I gaze around at each and every one of them, proud and overwrought. “Bunch of fucking heroes,” I say.

And then I walk right up close to my ex, liberated, all fear gone. I smell his stomach-churning cologne for the last time as I think about the living hell he put me through, and I quietly acknowledge the strength it took to leave him when I was at my lowest ebb. I think about the girl I met in the alley a few weeks ago, and on behalf of every woman living in fear of a controlling man, I raise my chin and stare that bastard down one last time. I deserve to have the final word.

“Eat glass, Adam Bronson.”

39.

WE ALL STAND IN THE street, my New York family and I, until Adam finally disappears from view, and then they close in around me. I don’t really understand what just happened, why they’re even here, but all I know in that moment is that they are here and it’s overwhelming in the best way. Gio stands back and waits for his family to finish passing me around for hugs, and then finally he’s holding me in his arms and I start to cry. He pulls me closer still, really tight, the kind of hug designed to make someone feel held and safe.

“I’ve got you,” he says, stroking my hair. “I’ve got you.”

I look up at him, and he gazes down at me, and then he lowers his face and kisses me slowly. I hear Sophia’s sigh, and Maria is crying, and Bobby and Robin usher everyone around us up to their apartment for a stiff drink.

We stay exactly where we are until there is just us and Smirnoff left on the sidewalk. Gio smooths my hair back with both hands and looks at me, serious-eyed.

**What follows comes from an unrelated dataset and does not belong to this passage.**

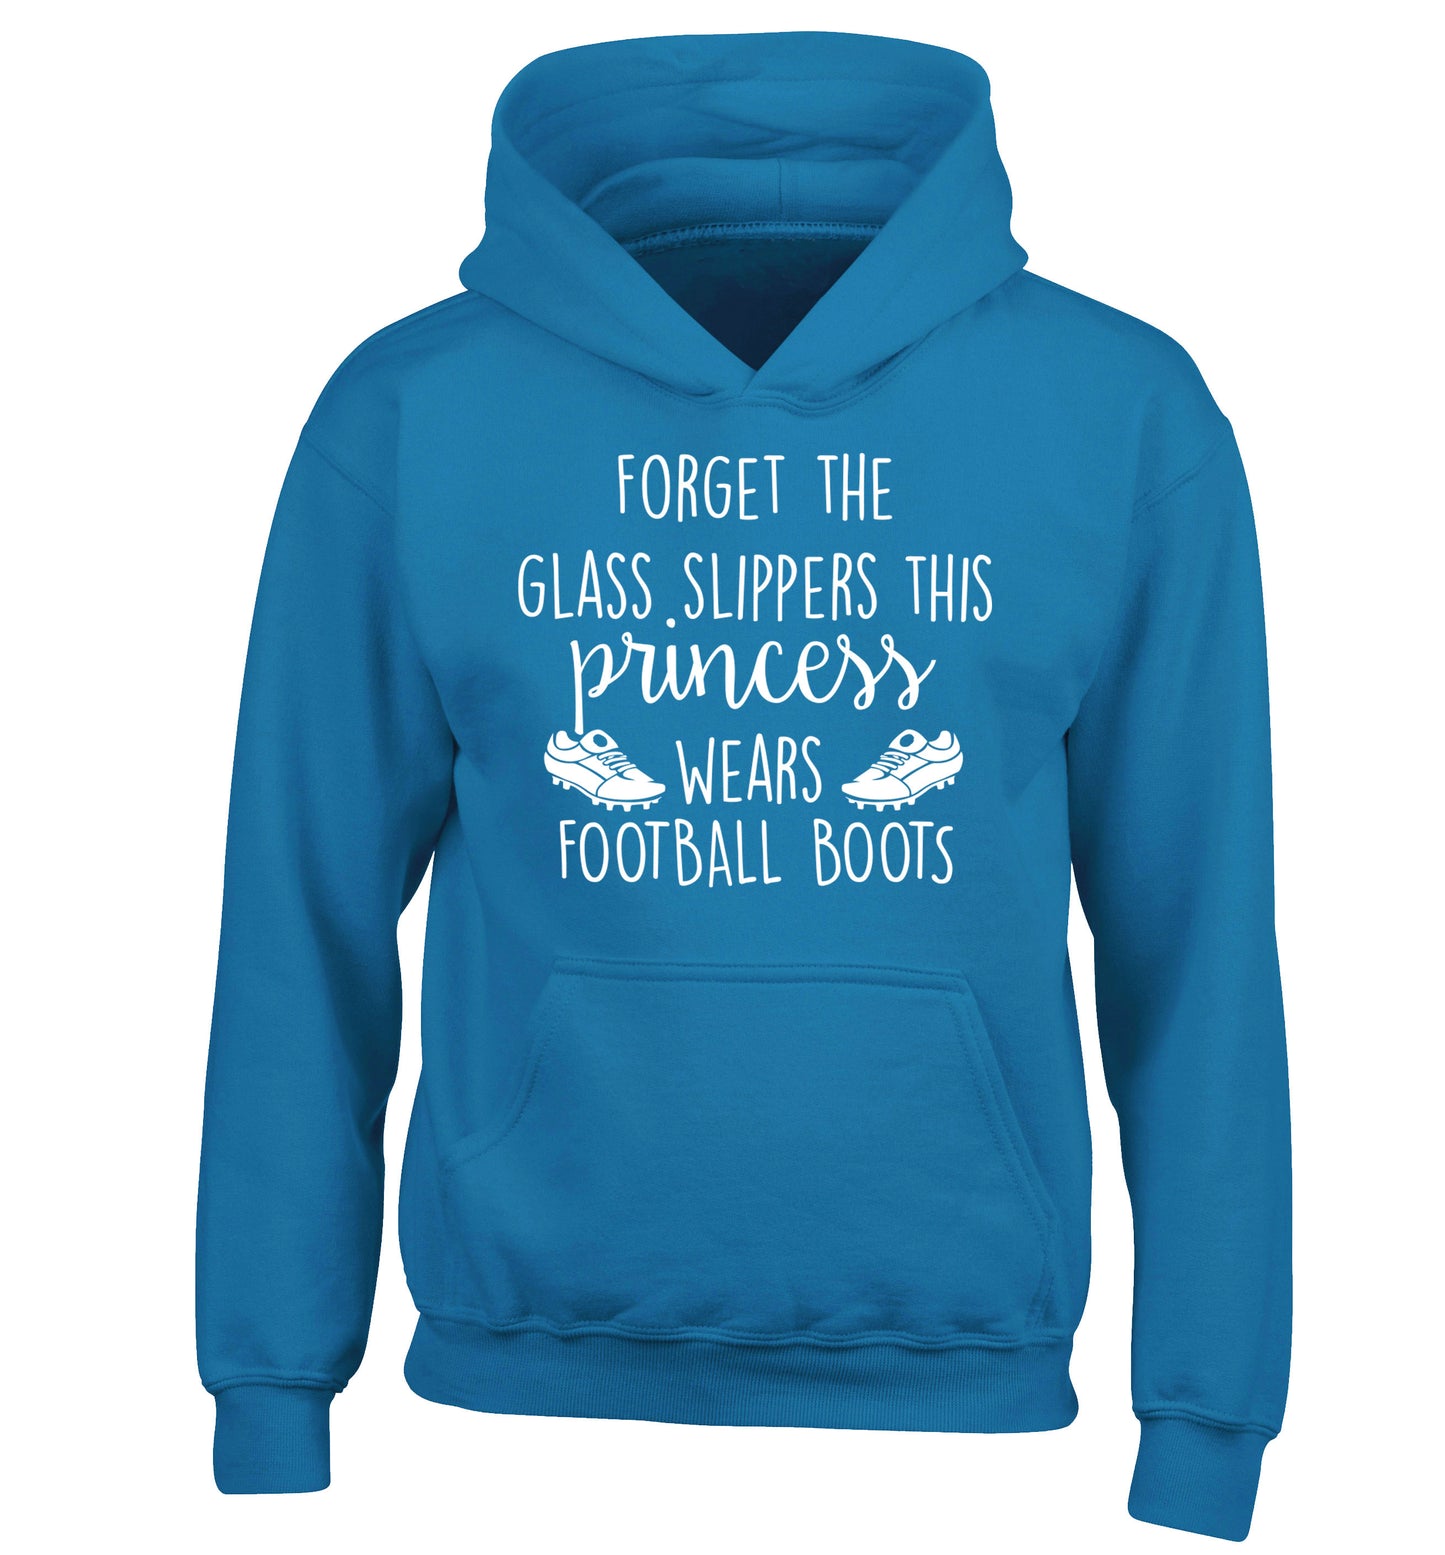 Forget the glass slippers this princess wears football boots children's blue hoodie 12-14 Years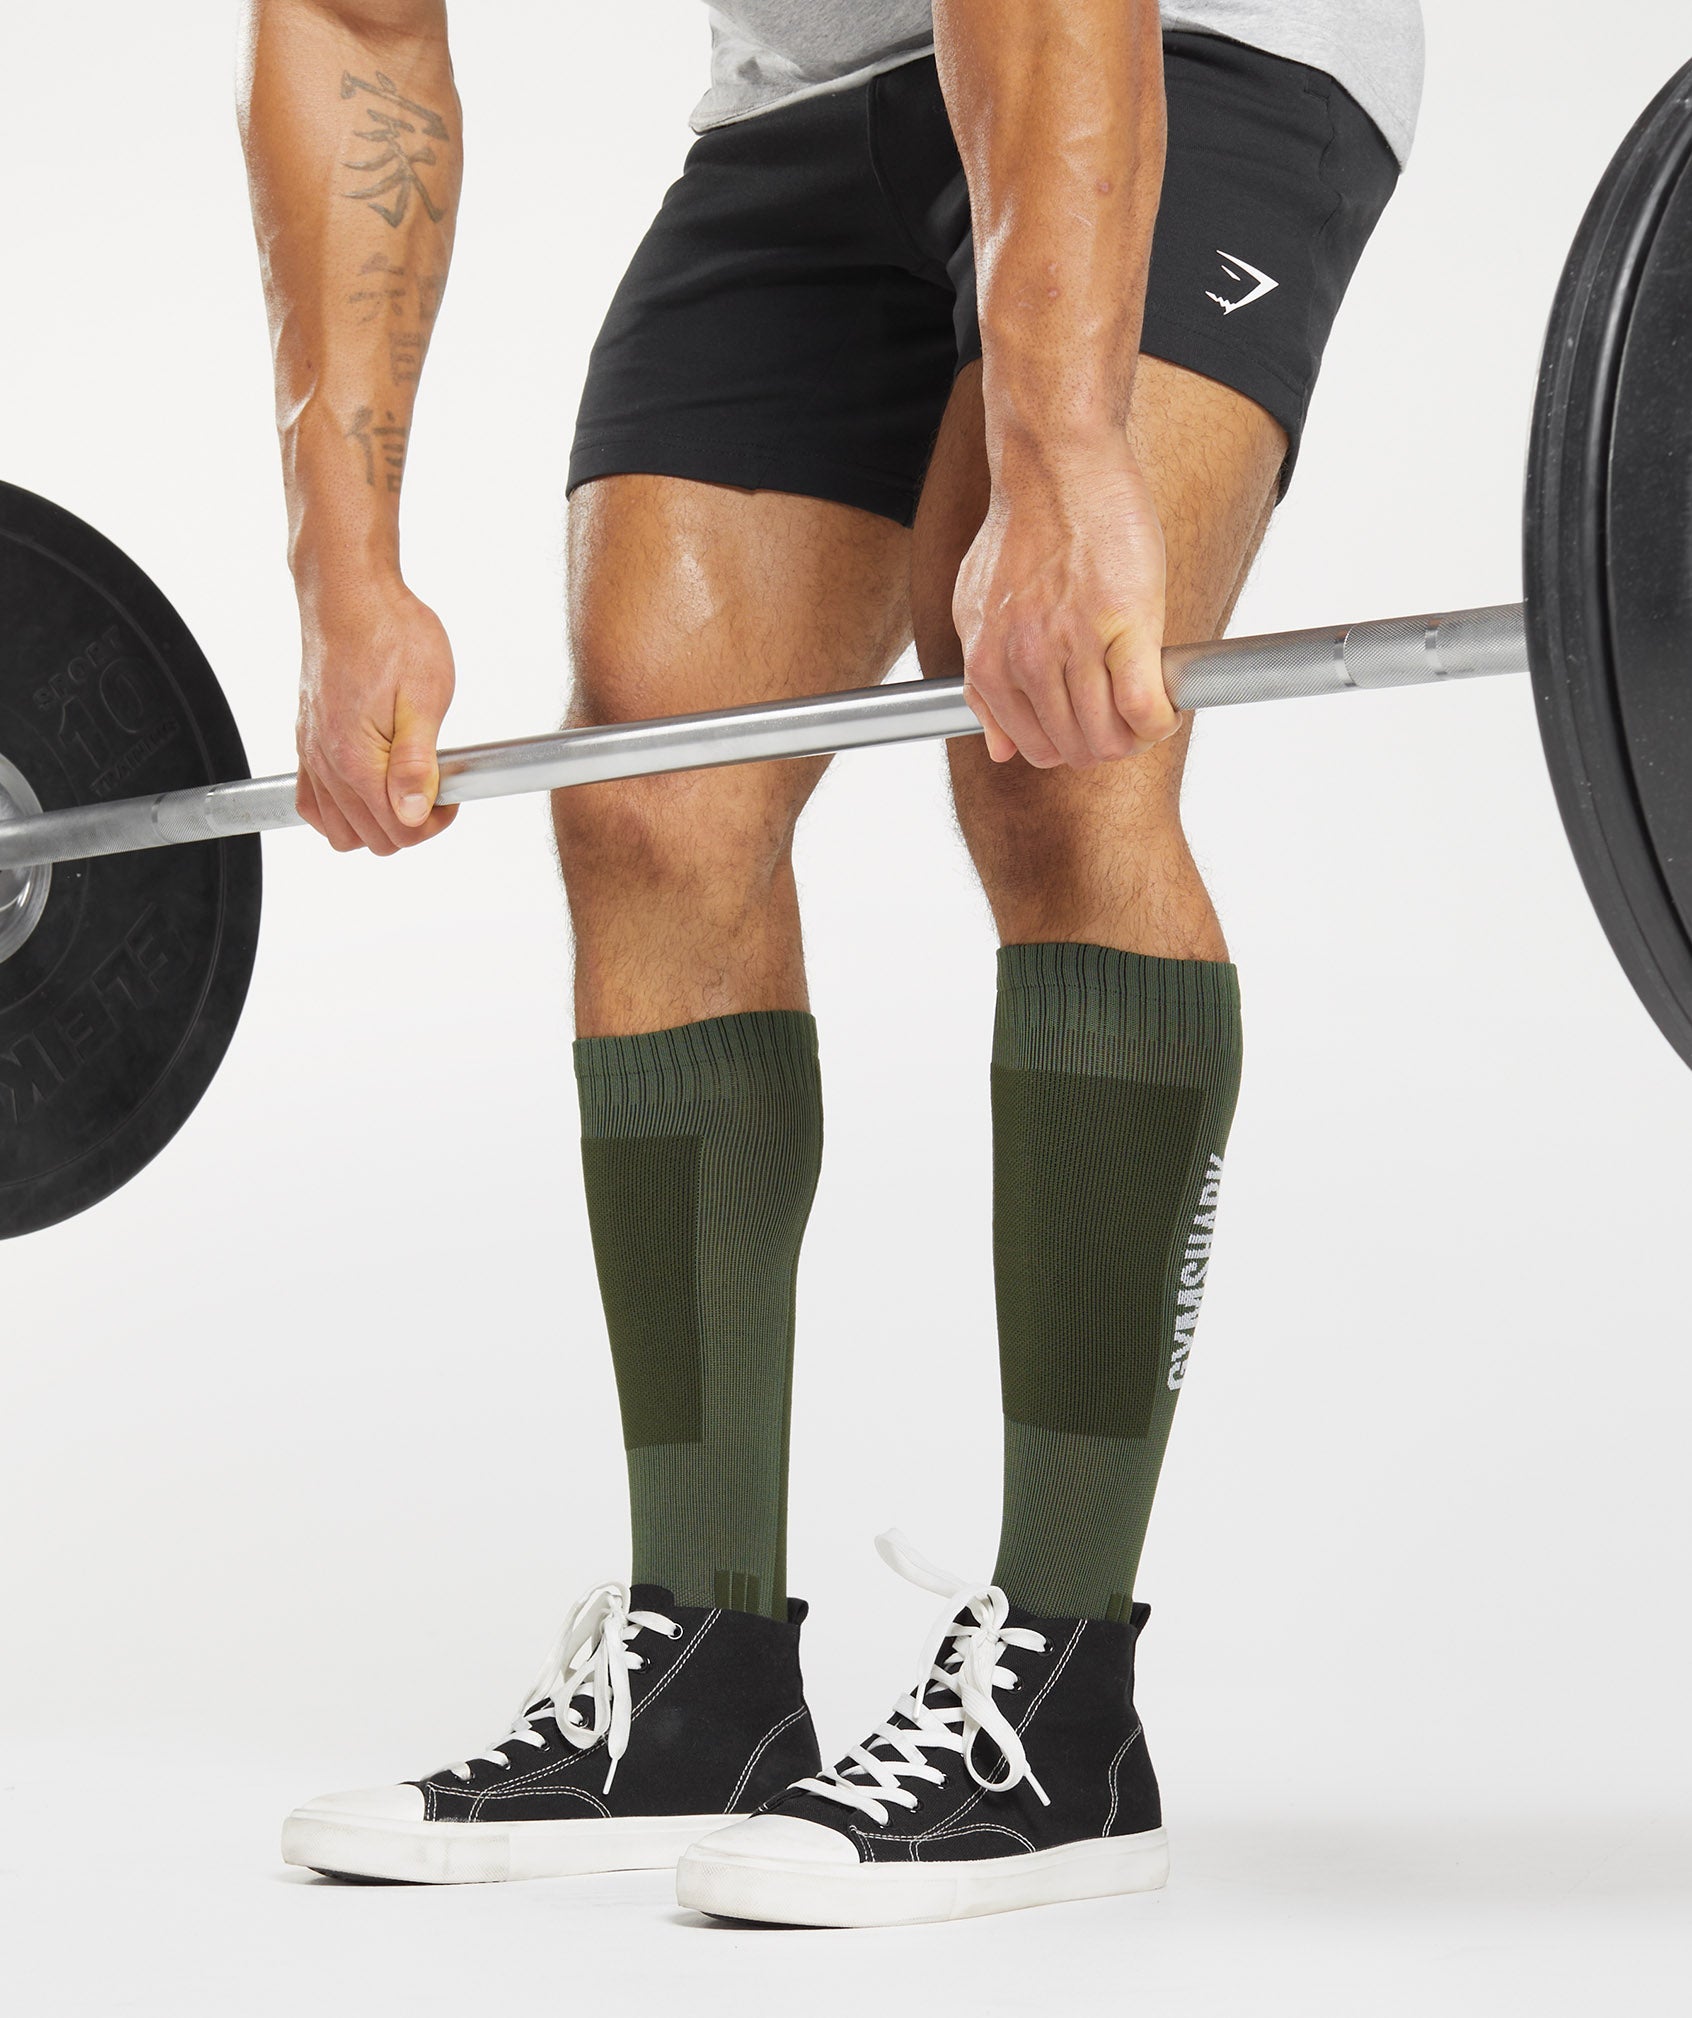 Weightlifting Sock in Olive Green - view 4

“You okay?” he whispers, holding my face.

“I am now,” I say, and I mean it. “You?”

“Not even close,” he says, stepping back. “This whole thing, Iris, it’s…”

He reaches into his coat and pulls something from his inside pocket. I look down and see the familiar mint-green torn napkin from my mother’s scrapbook. Santo’s writing. Their beloved family recipe.

“Papa told us everything,” he says. “And Felipe filled in the gaps.”

I stare at the napkin. “I’ve wanted to tell you every single day,” I say.